Your assignment >> Transcribe the listing exactly; drop the images.

Supplied data >>
"""
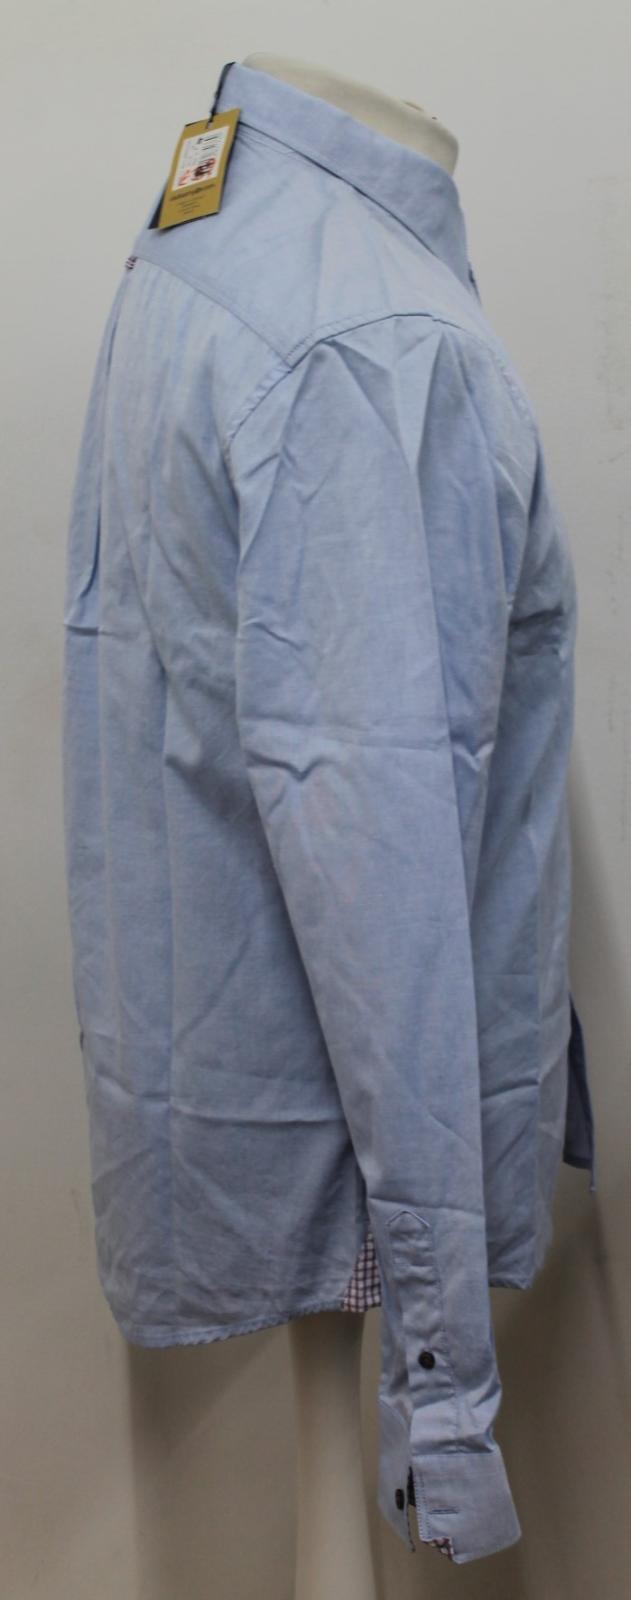 BNWT Dubarry uomo ballsbridge blu manica lunga puro cotone Camicia Camicia Camicia Taglia S c993ad
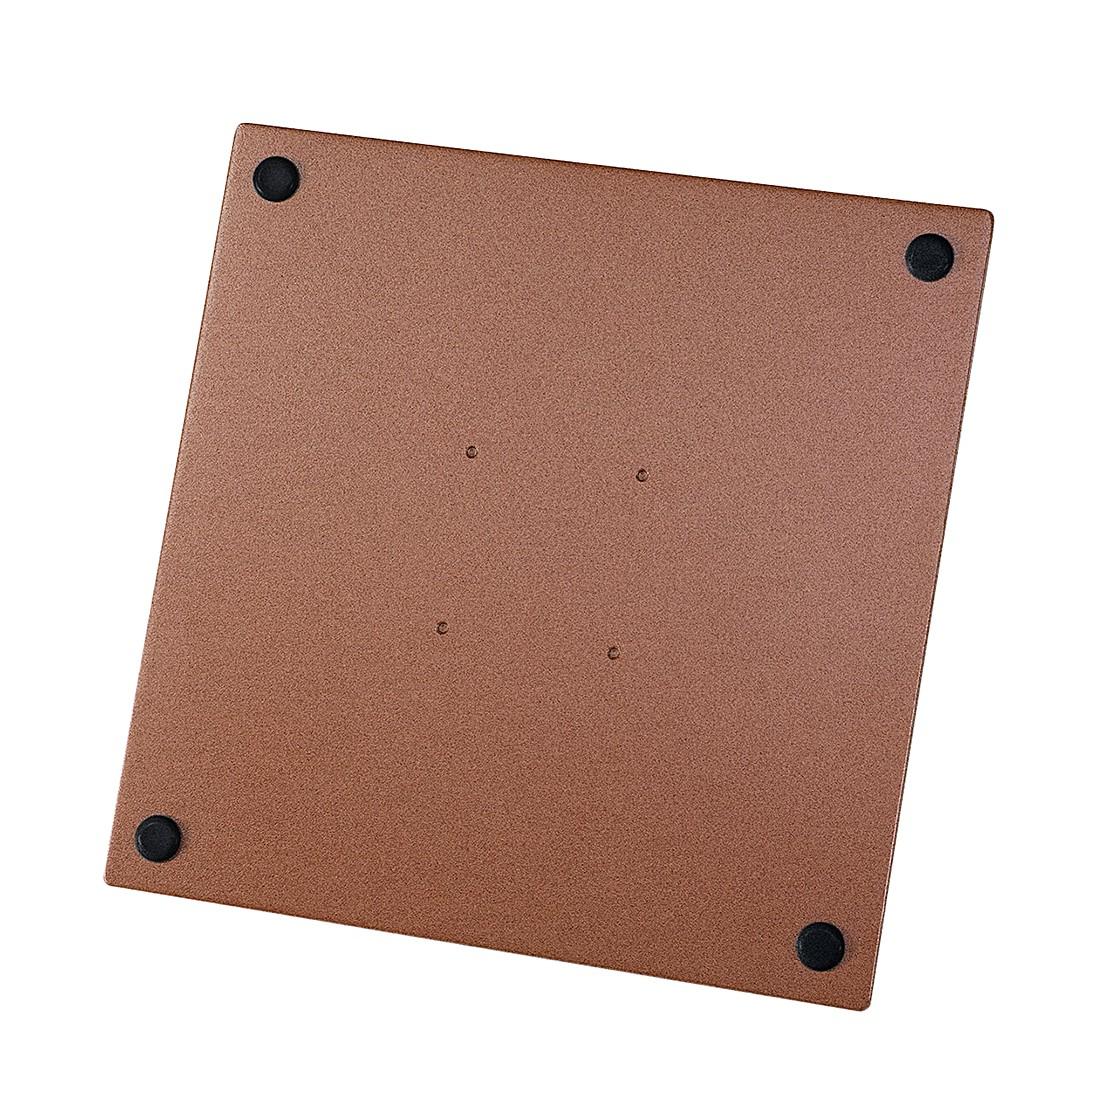 Stahlplatte - Stahl Braun, Schneider Schirme
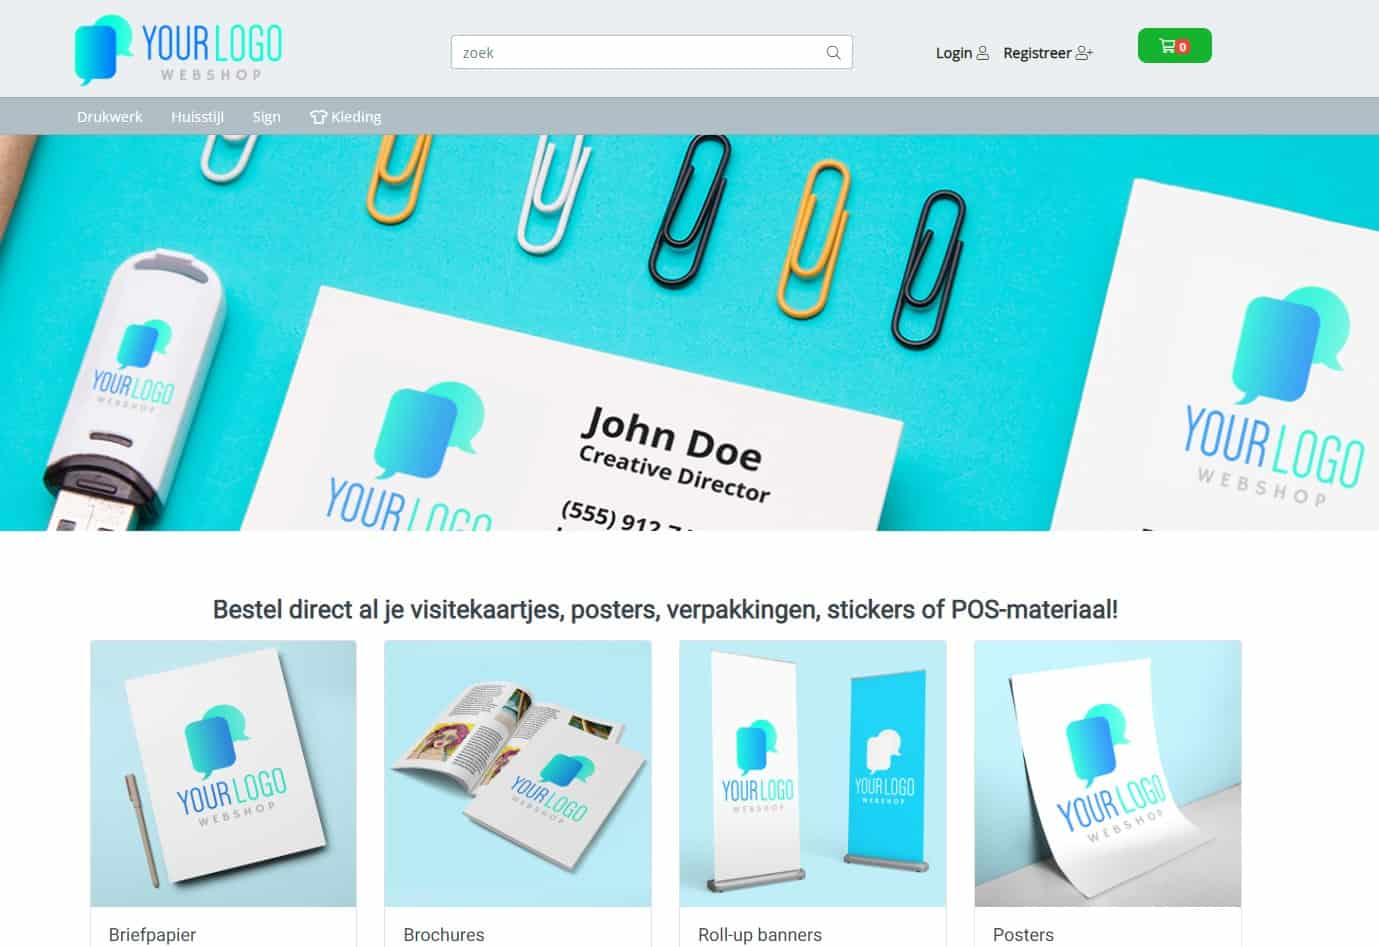 NL demo shop storefront webshop
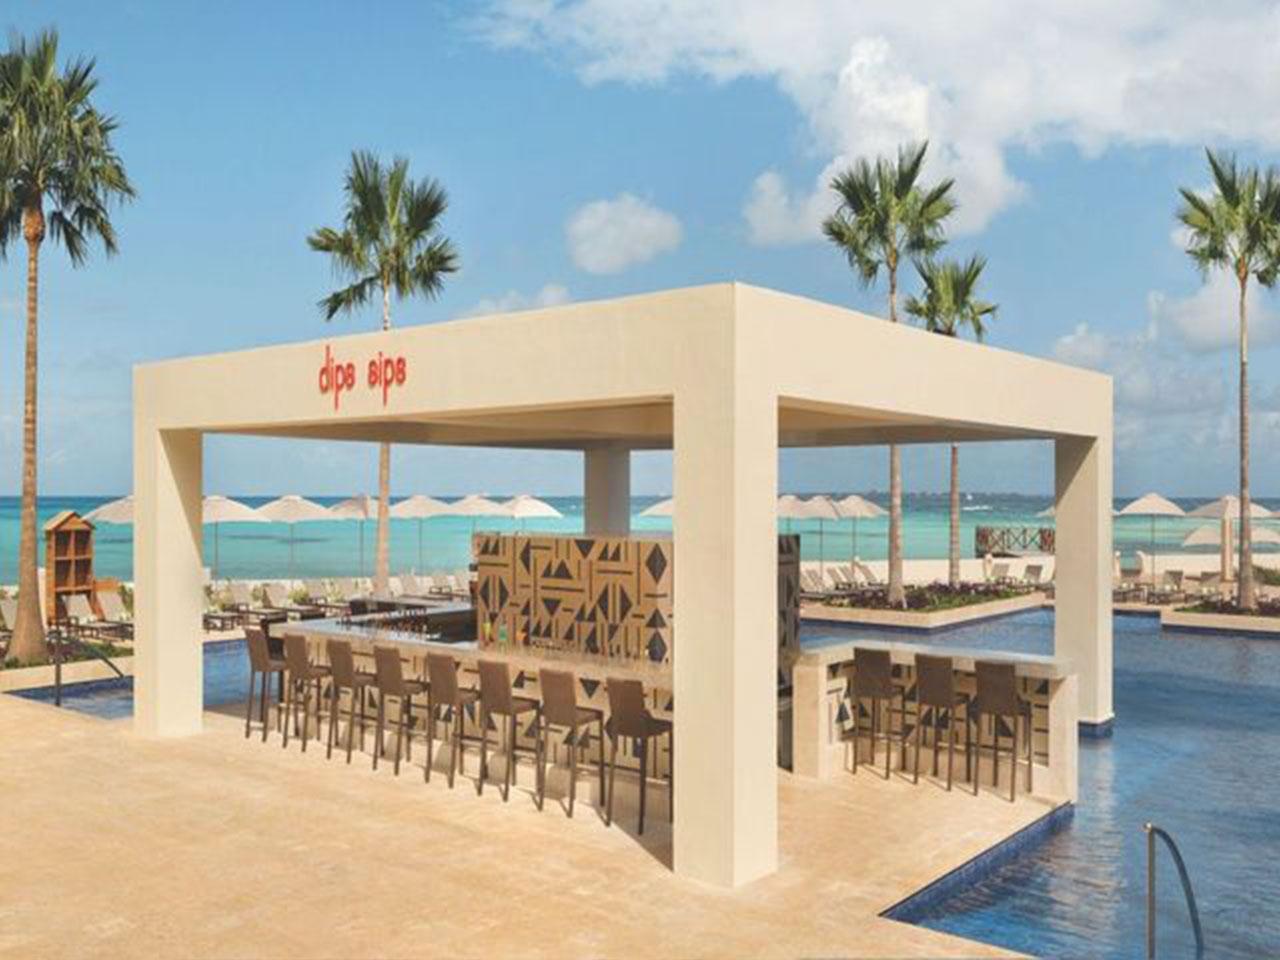 wedding Planner en Monterrey, Boda en la playa, Las mejores bodas en la playa en México - Paquetes internacionales 1: Intimate Elegance
"""
Answer for the task >>
 BNWT Dubarry uomo ballsbridge blu manica lunga puro cotone Camicia Camicia Camicia Taglia S c993ad
 Stahlplatte - Stahl Braun, Schneider Schirme
 NL demo shop storefront webshop
 wedding Planner en Monterrey, Boda en la playa, Las mejores bodas en la playa en México - Paquetes internacionales 1: Intimate Elegance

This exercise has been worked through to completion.